## DATA
---------------

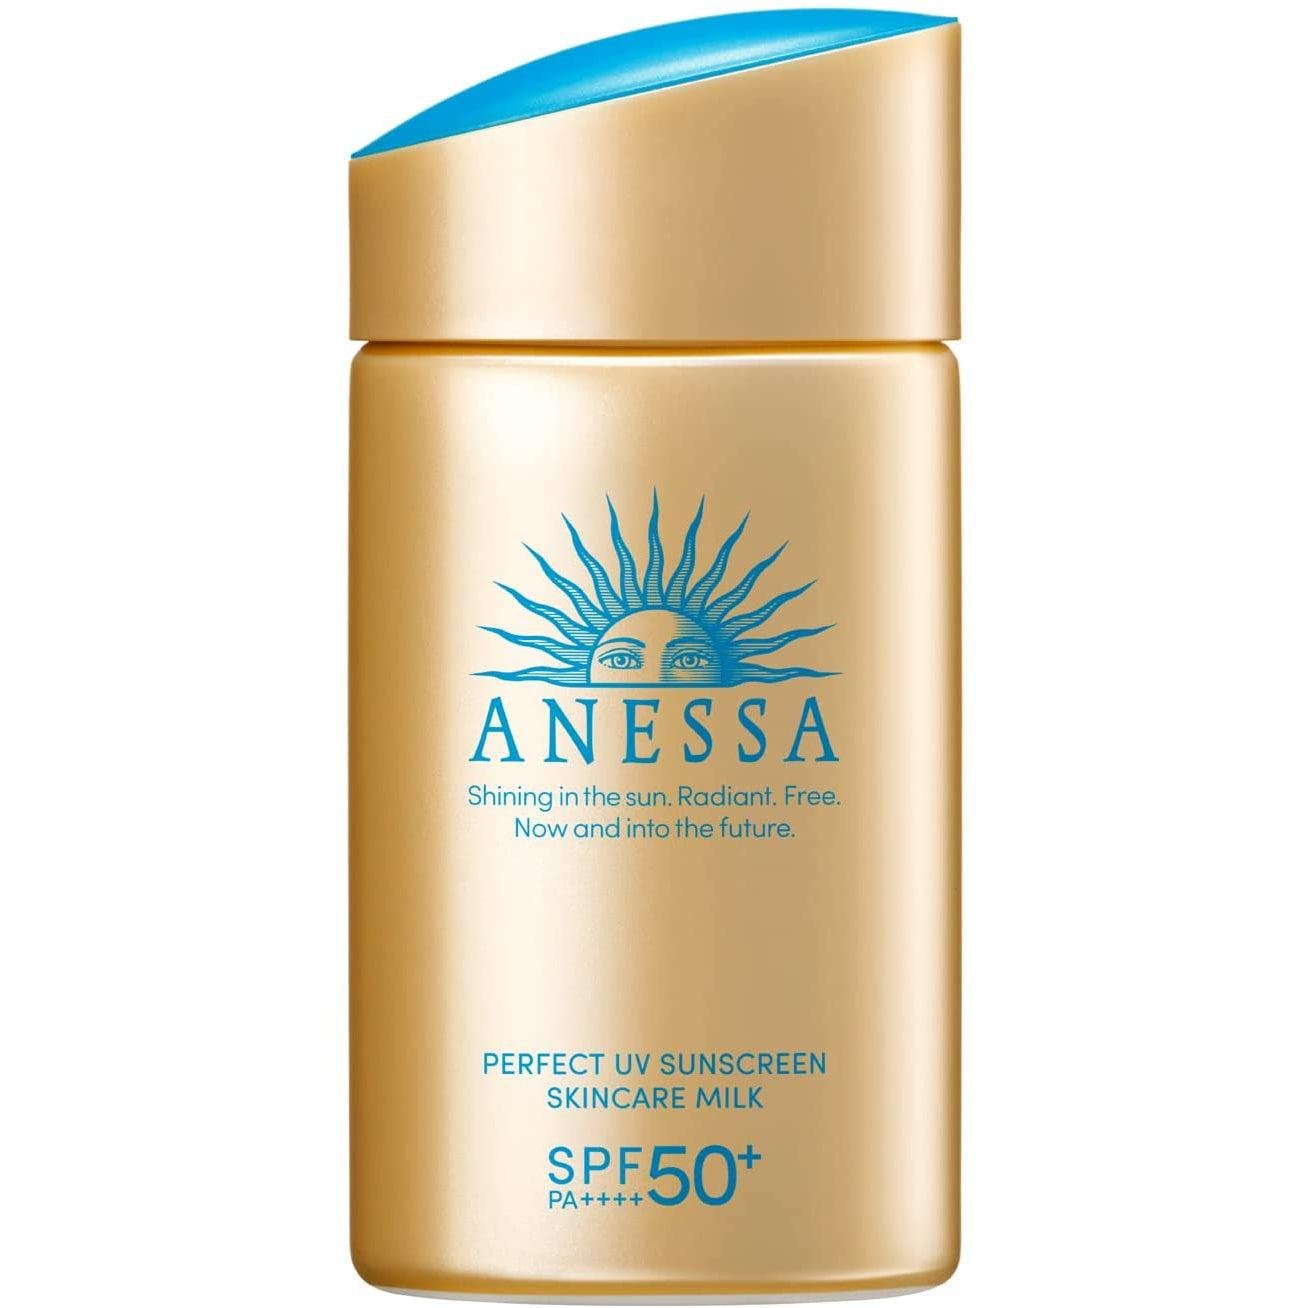 Shiseido Anessa Perfect UV Sunscreen Skincare Milk SPF50+ 60ml
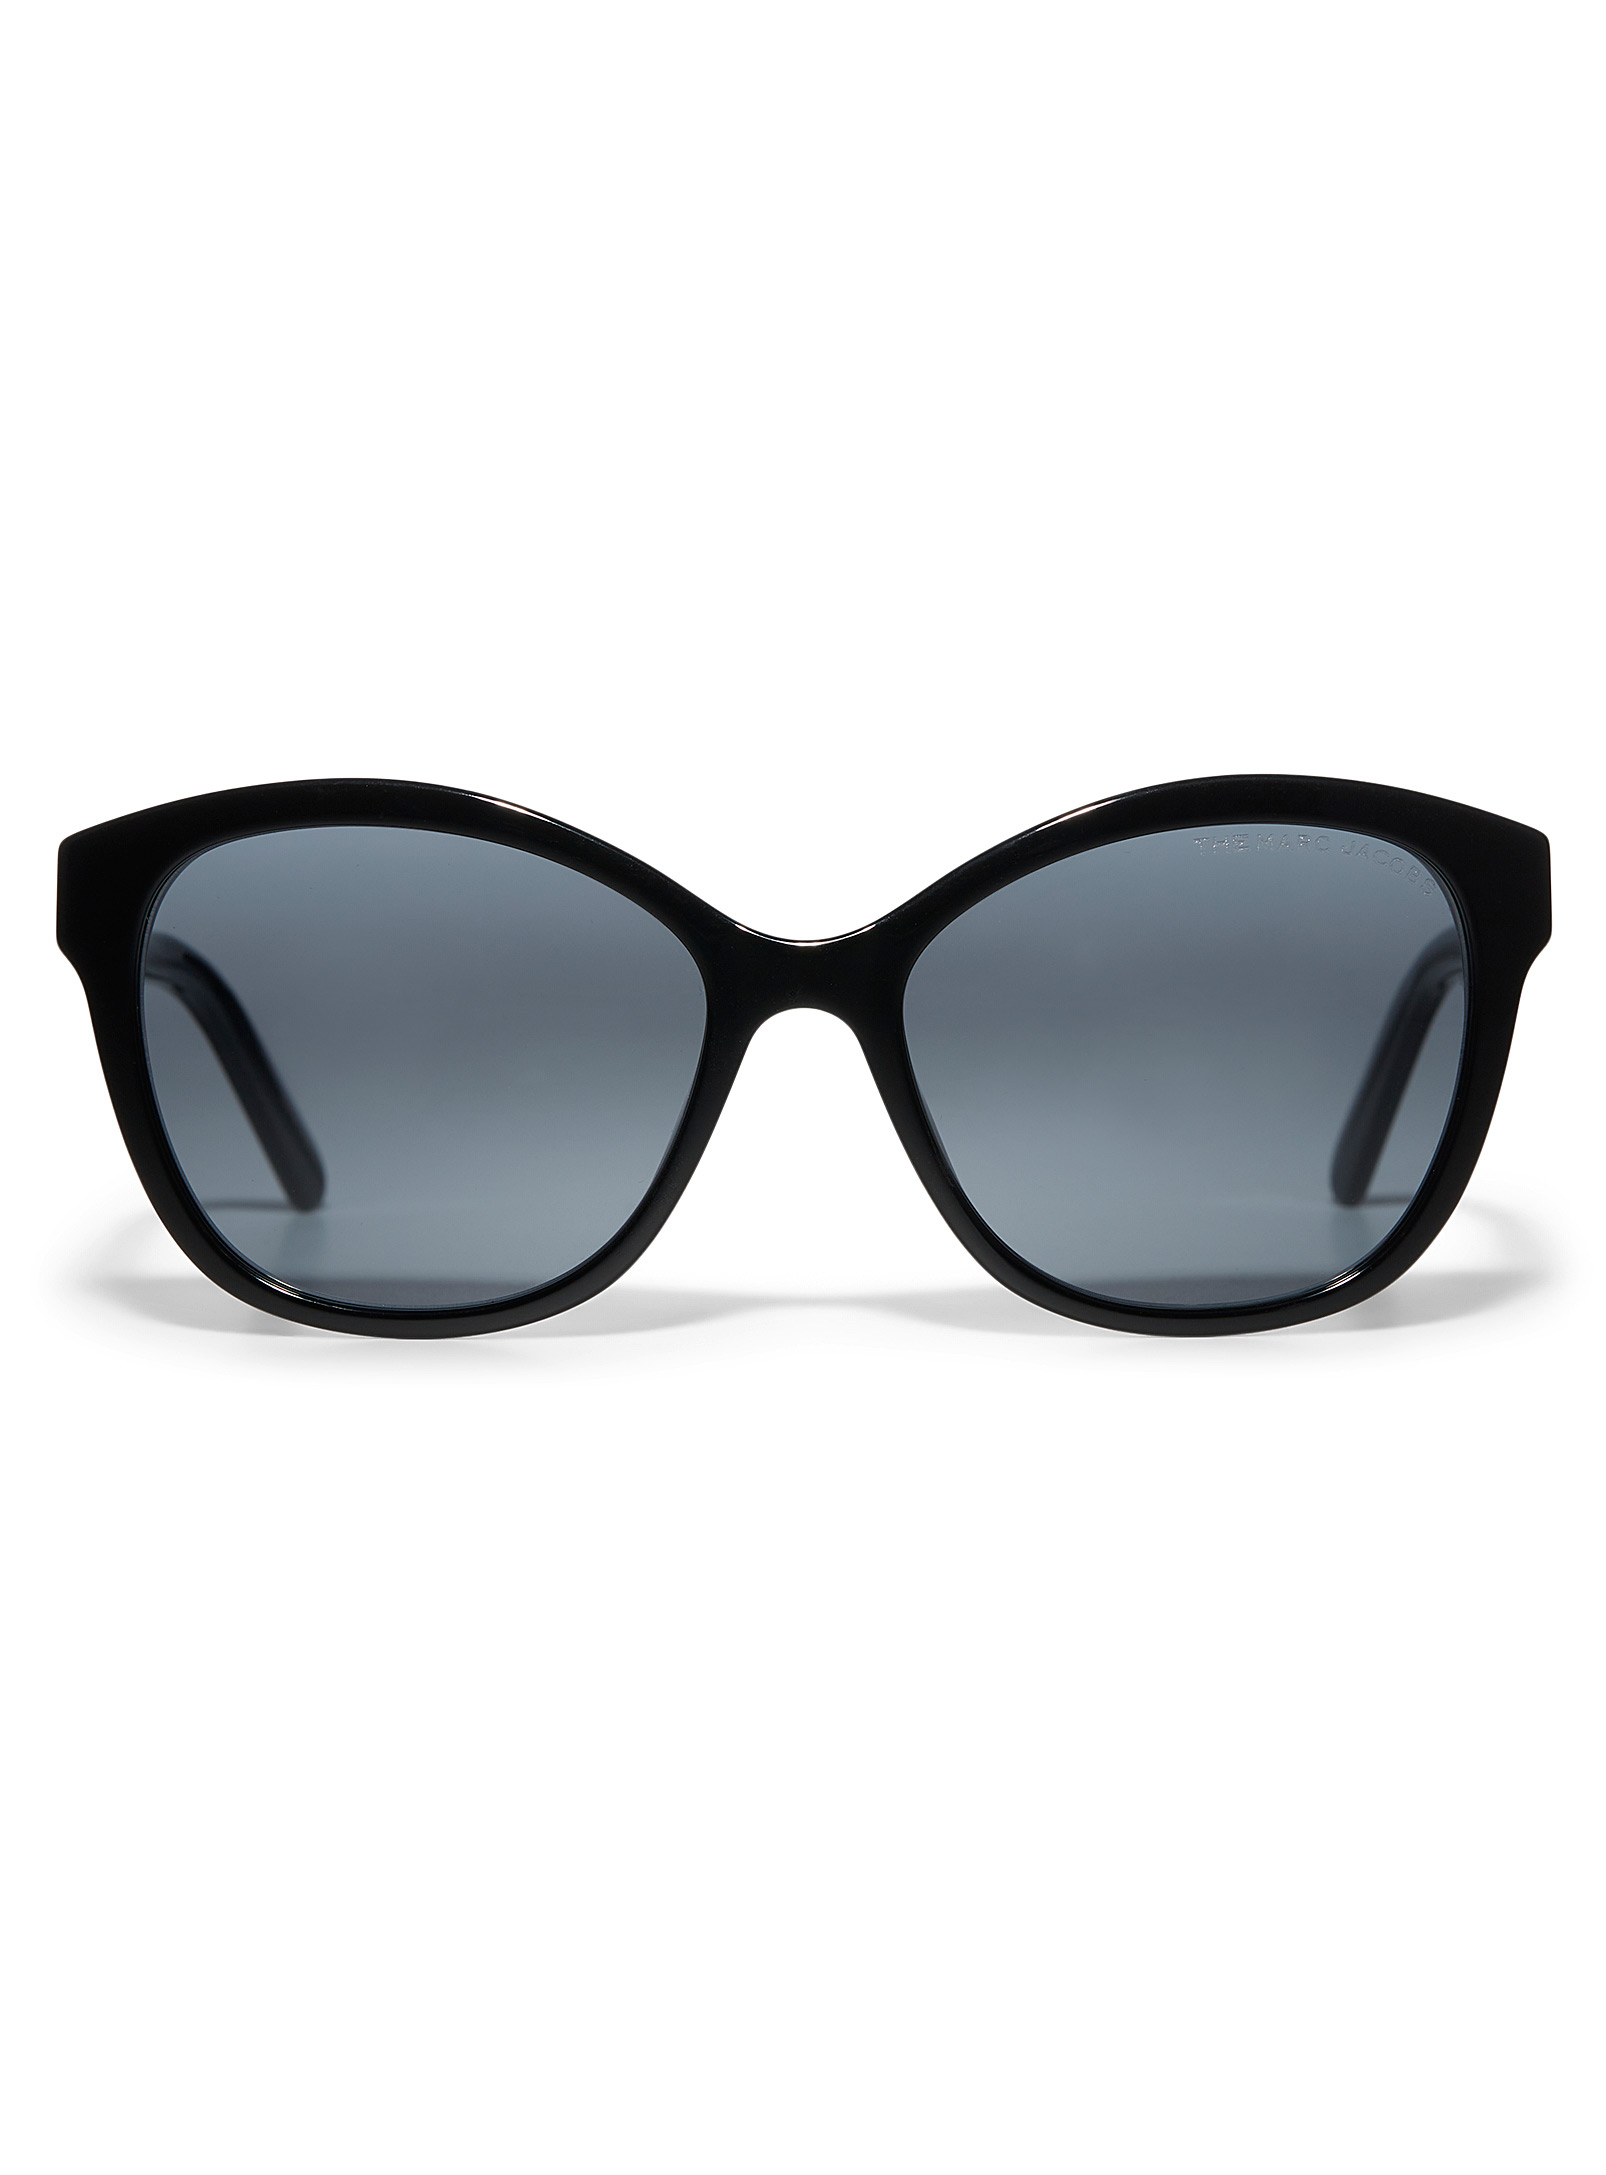 Marc Jacobs Round Tortoiseshell Sunglasses In Black
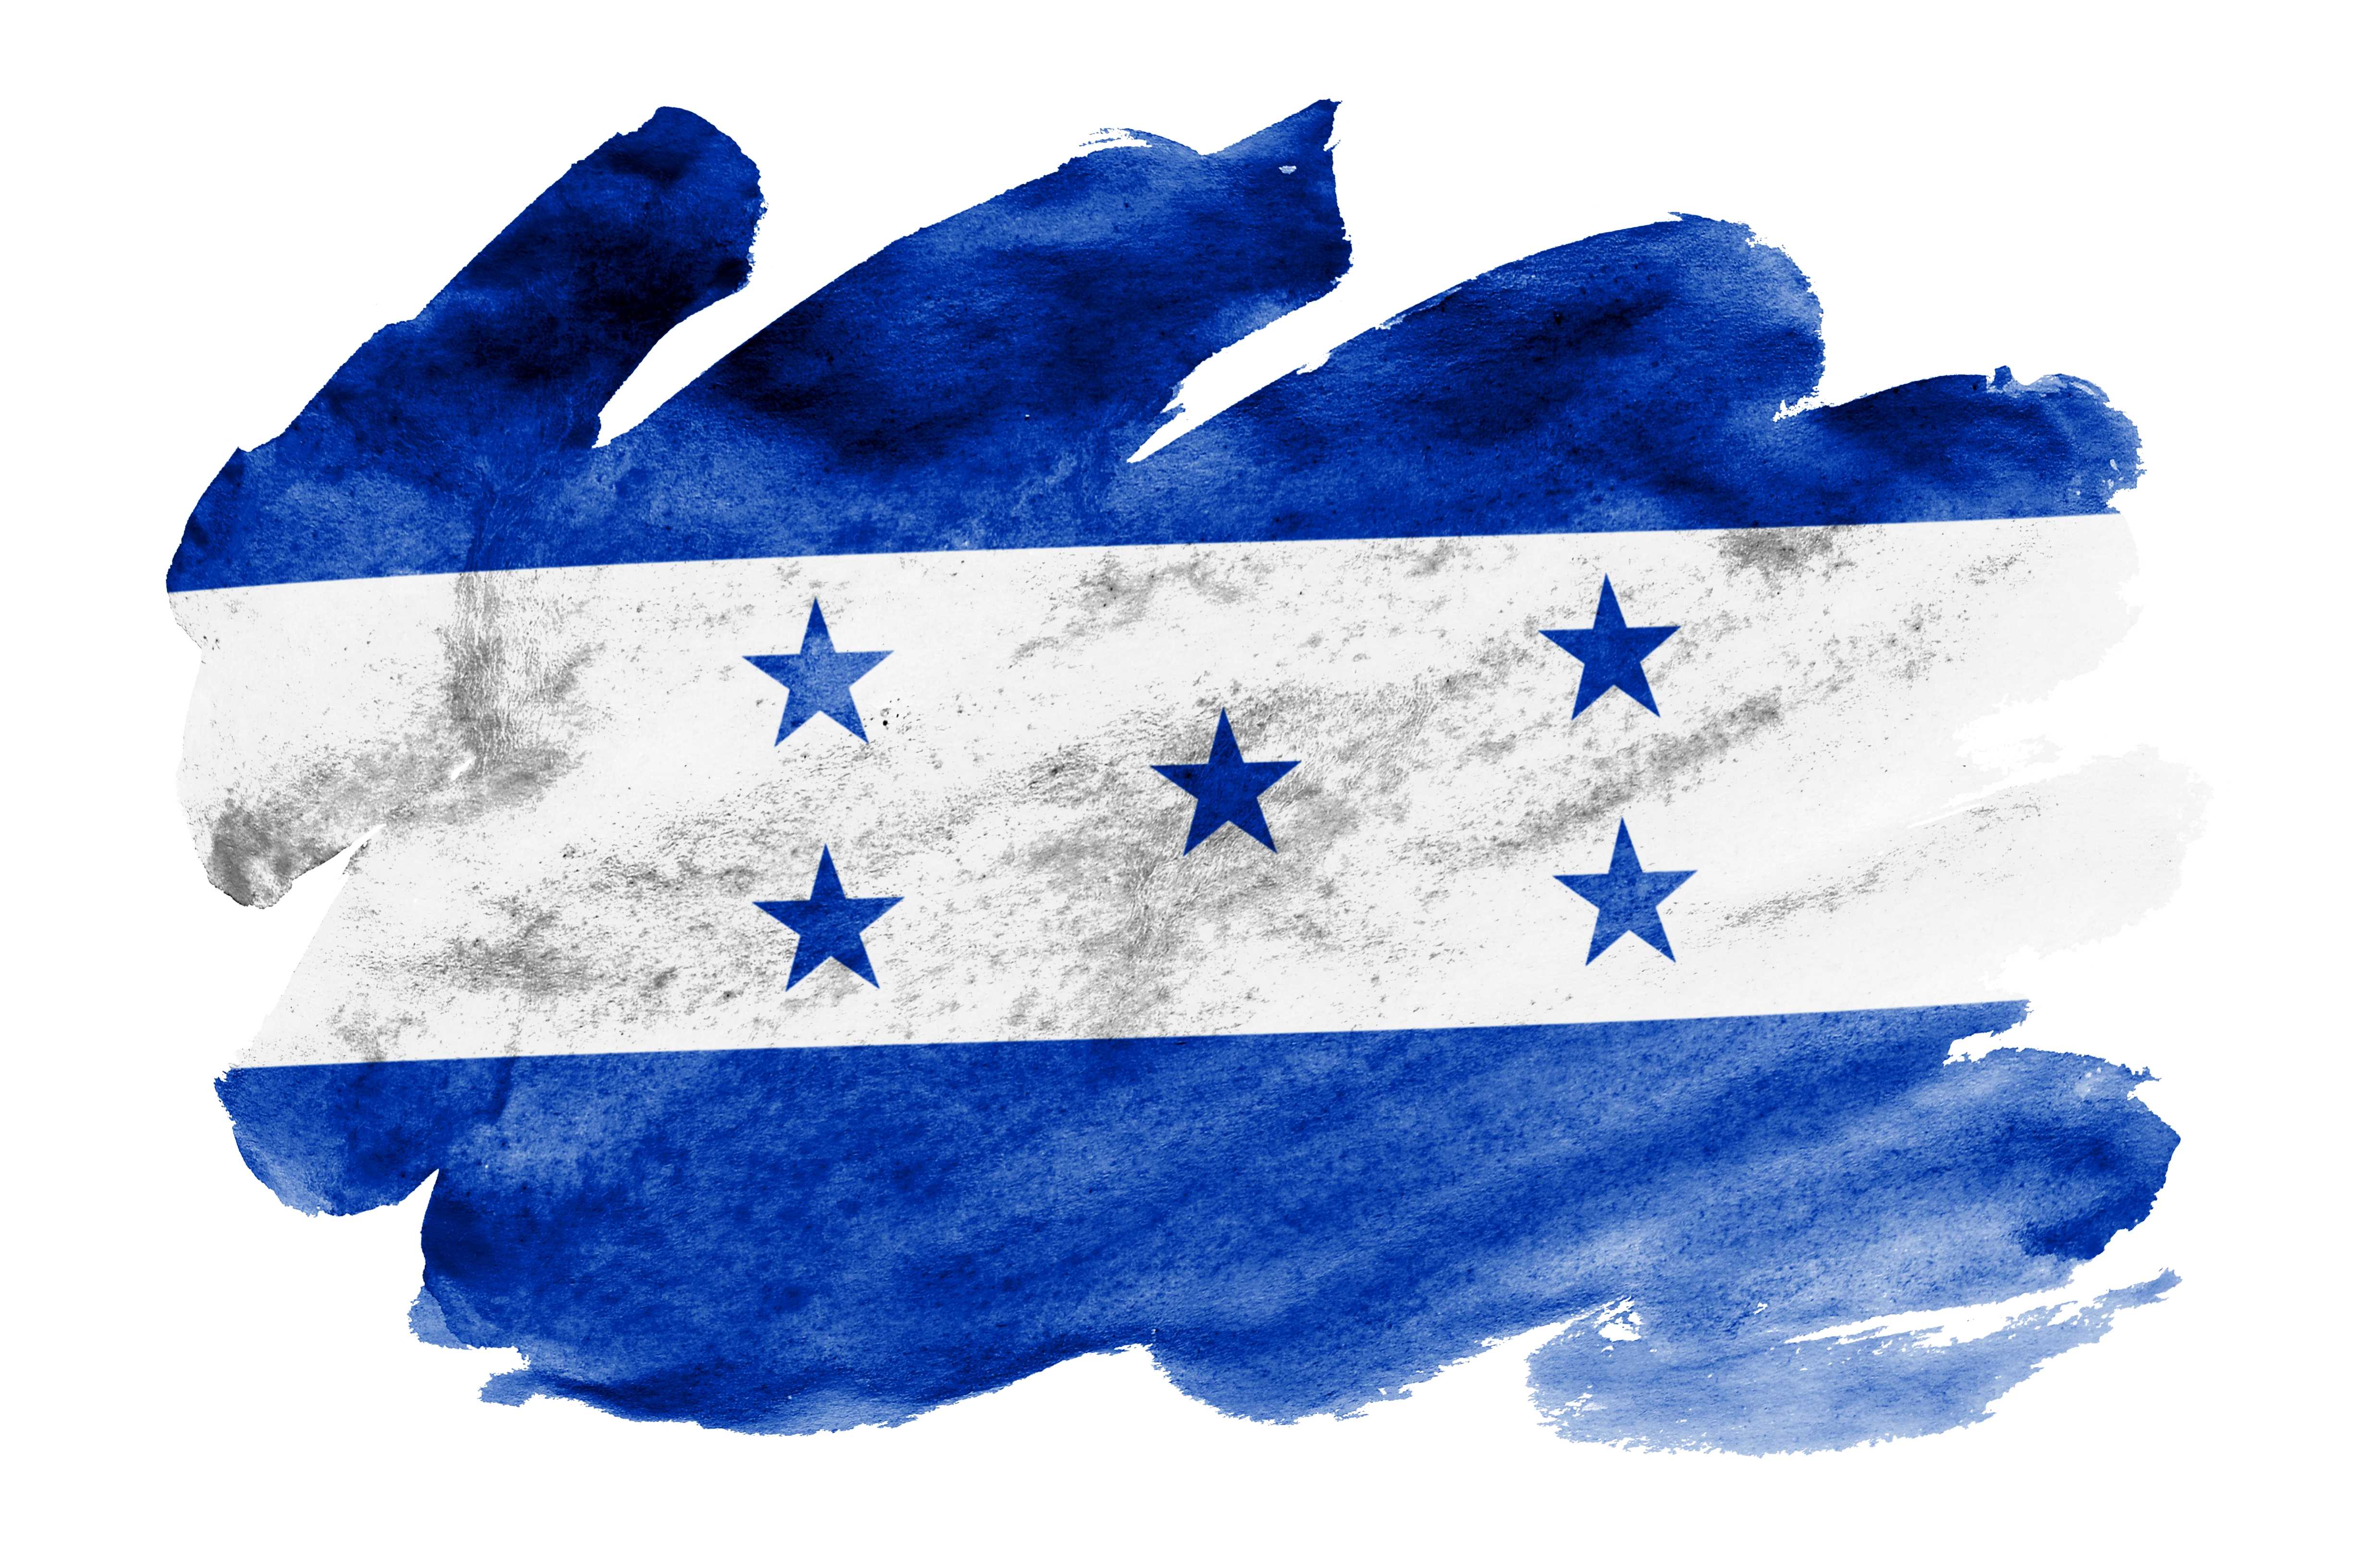 out-honduras-flag-is-depicted-in-liquid-watercolor-sty-K3DCH9Y.jpg

---------------

## WHAT YOU NEED TO DO
Find the line that has "Marc Jacobs Round" in the listing, then retype it and each later line up to the last, exactly. Leave pictures out.

## RESULT
 Marc Jacobs Round Tortoiseshell Sunglasses In Black
 out-honduras-flag-is-depicted-in-liquid-watercolor-sty-K3DCH9Y.jpg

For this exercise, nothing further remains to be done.